Airflow
Installing Airflow Locally
Install Script
# Airflow needs a home. `~/airflow` is the default, but you can put it
# somewhere else if you prefer (optional)
export AIRFLOW_HOME=~/airflow
# Install Airflow using the constraints file
AIRFLOW_VERSION=2.5.3
PYTHON_VERSION="$(python --version | cut -d " " -f 2 | cut -d "." -f 1-2)"
# For example: 3.7
CONSTRAINT_URL="https://raw.githubusercontent.com/apache/airflow/constraints-${AIRFLOW_VERSION}/constraints-${PYTHON_VERSION}.txt"
# For example: https://raw.githubusercontent.com/apache/airflow/constraints-2.5.3/constraints-3.7.txt
pip install "apache-airflow==${AIRFLOW_VERSION}" --constraint "${CONSTRAINT_URL}"
# The Standalone command will initialise the database, make a user,
# and start all components for you.
airflow db init
# Visit localhost:8080 in the browser and use the admin account details
# shown on the terminal to login.
# Enable the example_bash_operator DAG in the home page
Config File
There is a file named airflow.cfg
which contains configuration for your airflow instance including the full path to the DAGs folder and also SQLalchemy connection credentials.
Google Cloud Compatibility
Install airflow with google
optional module: pip install apache-airflow[google]
.
Credenials can be side-loaded in via an environment variable
export AIRFLOW_CONN_GOOGLE_CLOUD_DEFAULT='{"conn_type":
"google-cloud-platform", "key_path": "/secrets/key.json", "scope":
"https://www.googleapis.com/auth/cloud-platform", "project": "airflow",
"num_retries": 5}'
Google OIDC auth
It's possible to authenticate airflow against your google org using SAML/OpenID flow: https://airflow.apache.org/docs/apache-airflow-providers-google/stable/api-auth-backend/google-openid.html
TriggerDAGRunOperator
- You can use
wait_for_completion=True
and it will detect whether the dag passed or failed. - If you have a cleanup function make sure that it marks the upstream task as failed as appropriate.
for task_instance in kwargs['dag_run'].get_task_instances():
if task_instance.current_state() not in [State.SUCCESS, State.SKIPPED] and \
task_instance.task_id != kwargs['task_instance'].task_id:
raise Exception("Task {} failed.
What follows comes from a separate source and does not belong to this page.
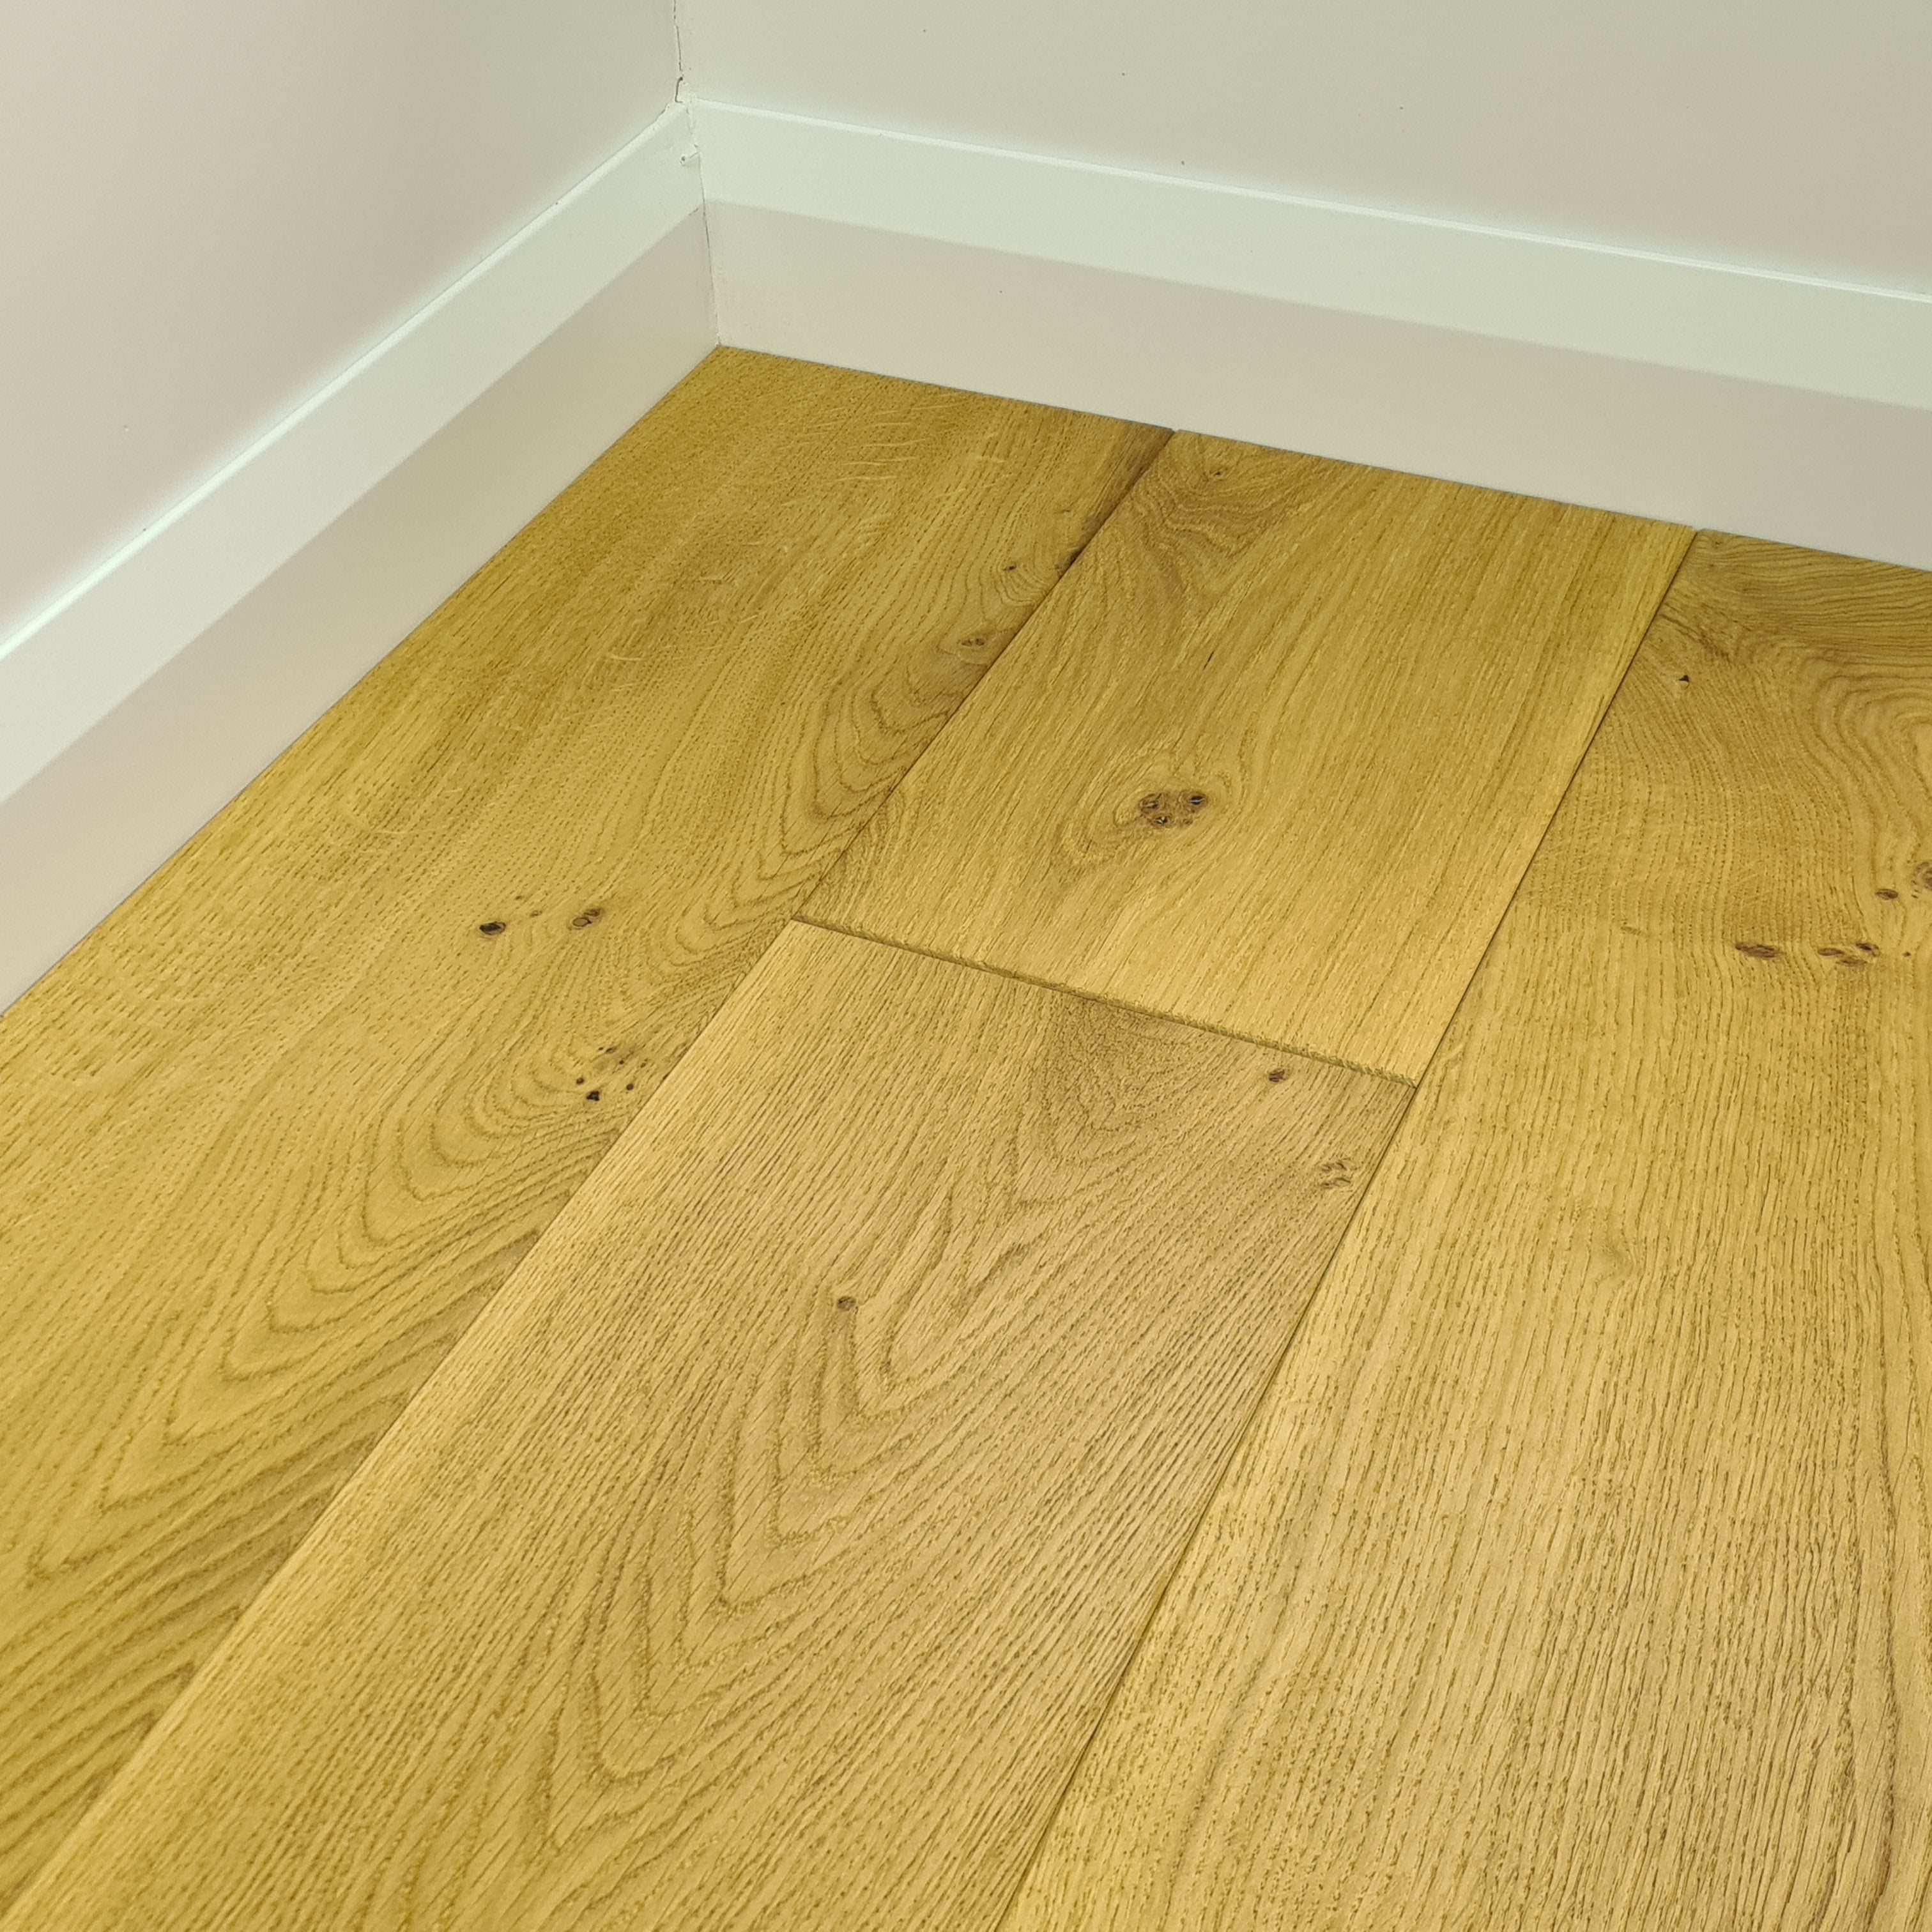 Chene 20/6x150mm Rustic Brushed and Lacquered Oak Engineered Flooring  £56.95m2
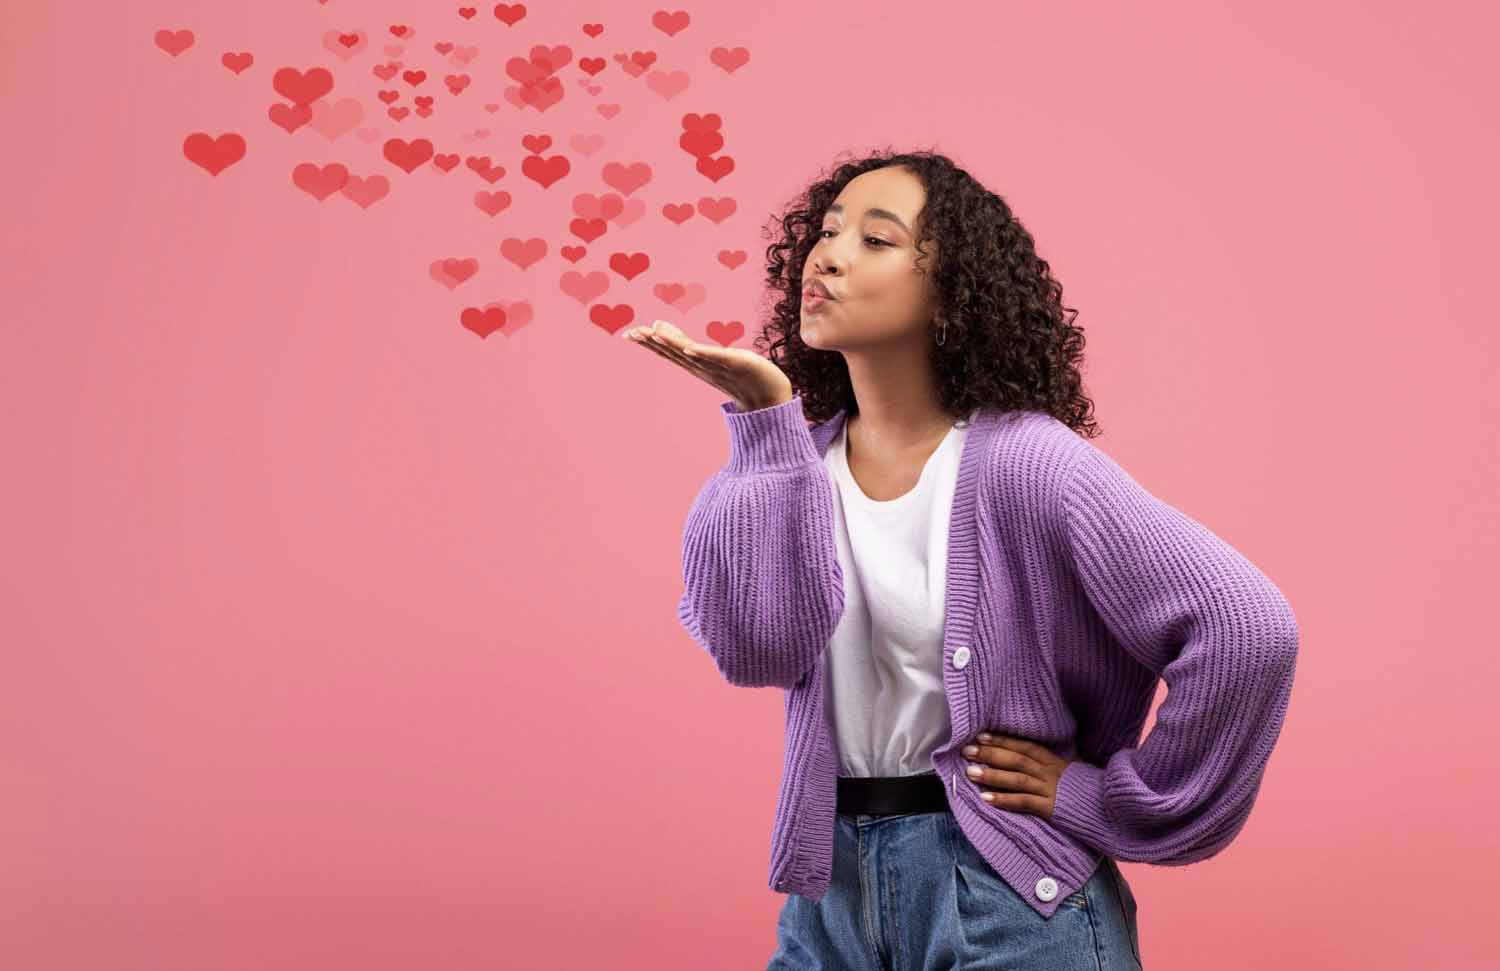 Alt: Young woman blowing air kiss with flying red hearts over pink studio background

Failing this DAG run".format(task_instance.task_id))
Handling non-string DAG parameters
You may need to pass a dag parameter to an operator using templates - however, it may be important that this is the right data type (e.g. bool). By default all template values are stringified.
You can override this by passing render_template_as_native_obj=True
to the DAG constructor which fills the template and then casts the value to the expected type.
For example
with DAG(
dag_id="example",
catchup=False,
start_date=datetime(2023, 4, 26),
render_template_as_native_obj=True,
params={
"test_run": Param(False, title="Test run only", description="If true, don't do the transaction, just spoof it", type='boolean')
}
) as dag:
task_id = f"trigger_build_table_{table}"
ts = datetime.now().replace(tzinfo=tz)
dag_execution_ts = TriggerDagRunOperator(
trigger_dag_id="exampledag",
wait_for_completion=True,
poke_interval=10,
# reset_dag_run=True,tk
execution_date=ts.isoformat(),
trigger_run_id=f"example_dag_{ts.isoformat()}",
conf={
"table_name": table,
"date_suffix": date_suffix,
"test_run": "{{params.test_run}}"
},
)